雾岛怜顺从地在门前跪下,双手托起沉甸甸的G罩杯乳房,对准那两个冰冷的洞口,缓慢而虔诚地将它们送了进去。
乳房与洞口严丝合缝地嵌入,那种精准的契合感,仿佛这扇门从诞生之初,就是为了等待她的献祭。
金属的边缘触碰到皮肤时传来一阵冰凉,但洞口的内壁却是温热的,像活物的口腔。
在门后,就在她左侧乳房完全嵌入的瞬间,一阵密集的如同羽毛轻抚般的触感从洞壁深处传来。
无数纤细、柔软、滑腻的触手,如同一股有生命的暖流,从洞壁中涌出,瞬间攀附上了她整个乳房。
它们绕着饱满的乳肉盘旋而上,最终汇聚于最顶端的乳尖。
她感到自己的乳头被一个极其柔软湿滑的东西包裹住,然后被不容抗拒地撑开了顶端的孔洞——“进去了……”——她的大脑一片空白,但是预想中的刺穿与剧痛并未到来,只有被异物温柔侵入、填充的陌生酸胀感,伴随着一股暖意,从乳头开始,沿着乳腺管,向着乳房的最深处蔓延,让她开始忍不住浑身颤抖。
紧接着,右侧的乳房也迎来了同样的命运。
无数细小的触手攀附上来,开始探索她的乳头。
她下意识地想要低头看清究竟发生了什么,但厚重的铁门完全遮挡了她的视线。
她什么也看不到,只能凭借感觉去判断:有什么东西,活生生的、滑腻的东西,正从她的两个乳头钻进她的身体,并且在她的乳房内部不断分叉、生长、蔓延。
那些深入她乳腺组织的触手持续地向内探索,她能清晰地感觉到它们在自己的乳房内部,如同植物的根系般四散开来,填充着每一条乳腺导管,每一处空隙。
她感到双乳开始发烫、发胀,但是并不疼痛,反而充斥着前所未有的被“彻底充满”的极致满足感。
压抑不住的呻吟声开始从她的喉咙里滚出,带着哭腔与颤抖:“奶子好胀……好热……嗯啊……有什么……在往里面长……满了……要被……充满了……好舒服……”

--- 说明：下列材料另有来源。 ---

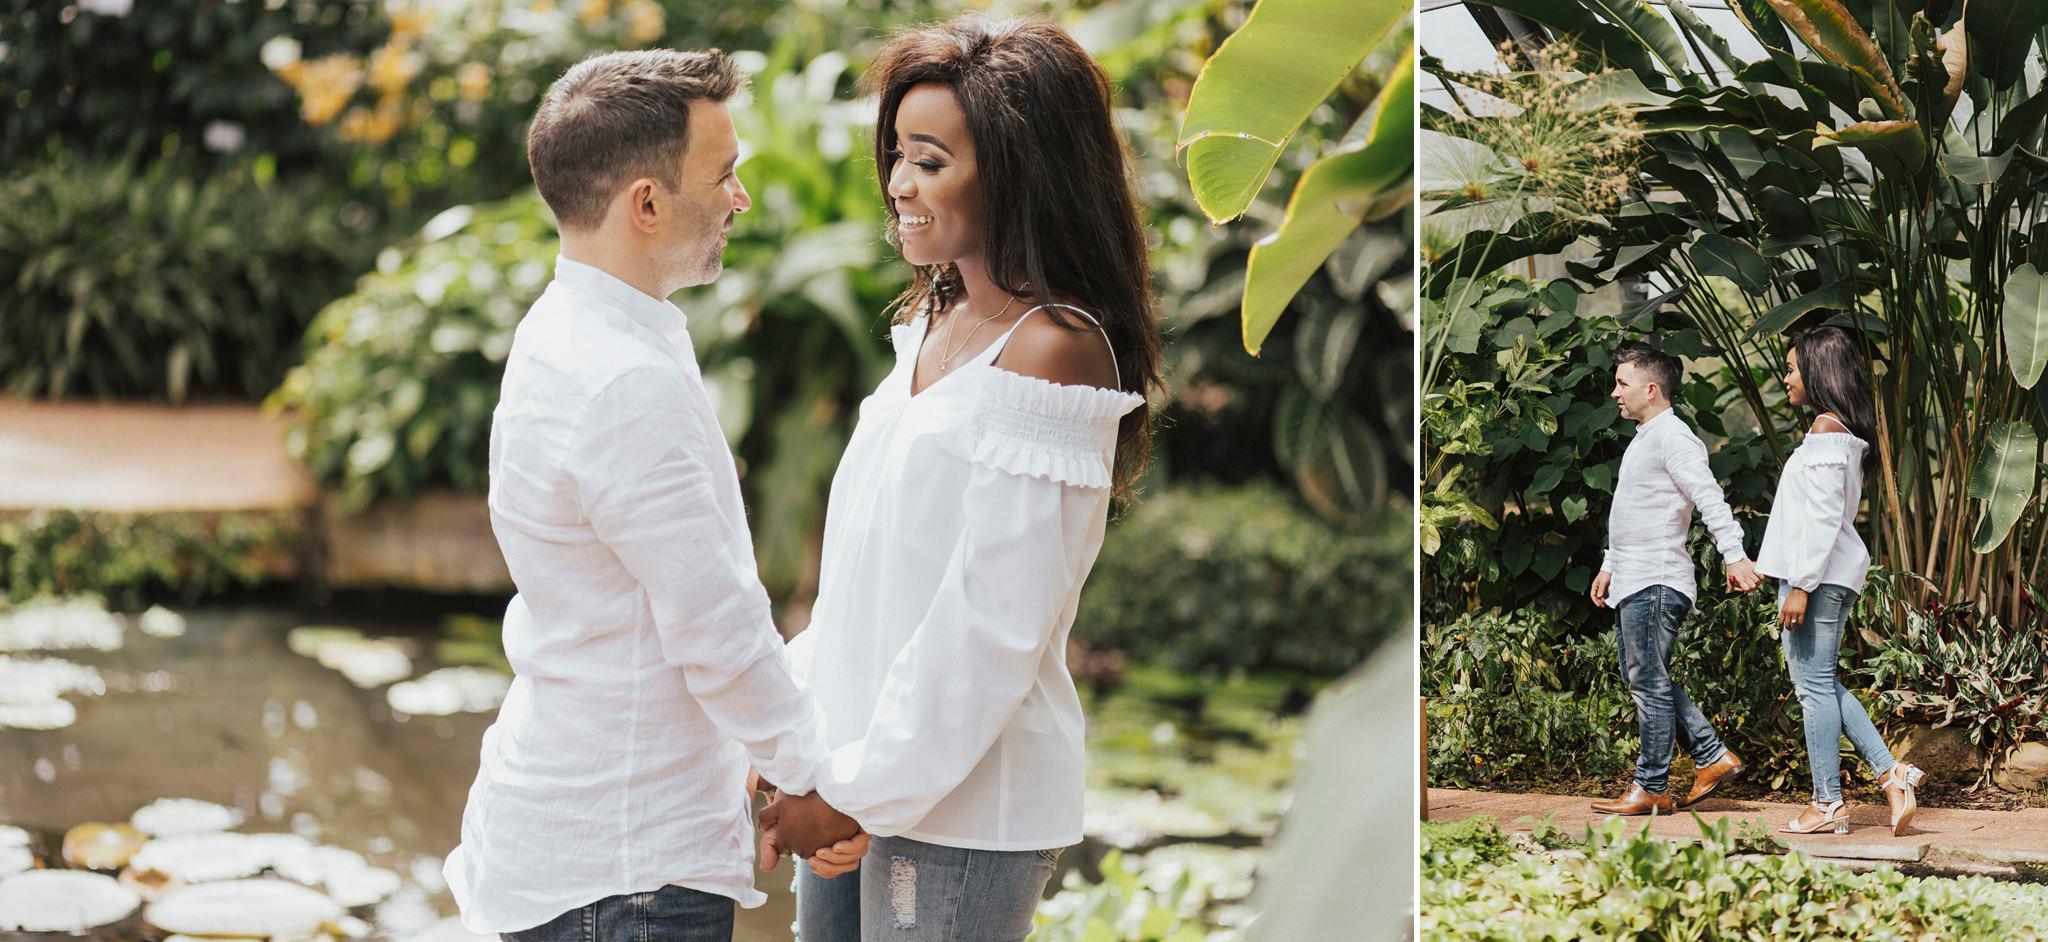 dundee-engagement-wedding-photographer-18.jpg

过去几场性爱中所有关于乳房的快感记忆——被富商的肉棒碾磨、主动献上乳交、自我抚慰时的渴望、被陌生男人看穿弱点后的蹂躏——所有这些铺垫,在此刻汇聚成了这场终极献祭的燃料。
她的乳房,不但是性器官,还变成了钥匙。
纤细的触手填满了乳腺组织的最后一寸空间时,比之前任何一次高潮都猛烈千百倍的爆炸性快感从她的双乳深处同时引爆!
“噢唔嗷啊啊啊啊————————!!!”高亢到破音的淫叫划破夜空。
她的身体猛地向前一挺,整个人死死地压在了冰冷的铁门上,双脚的脚趾因为剧烈的神经脉冲死死抠住地面,身体以那对被彻底填满的乳房为唯一的支点,剧烈地向前挺动、撞击,仿佛要将自己的整个灵魂都通过这对乳房献祭出去。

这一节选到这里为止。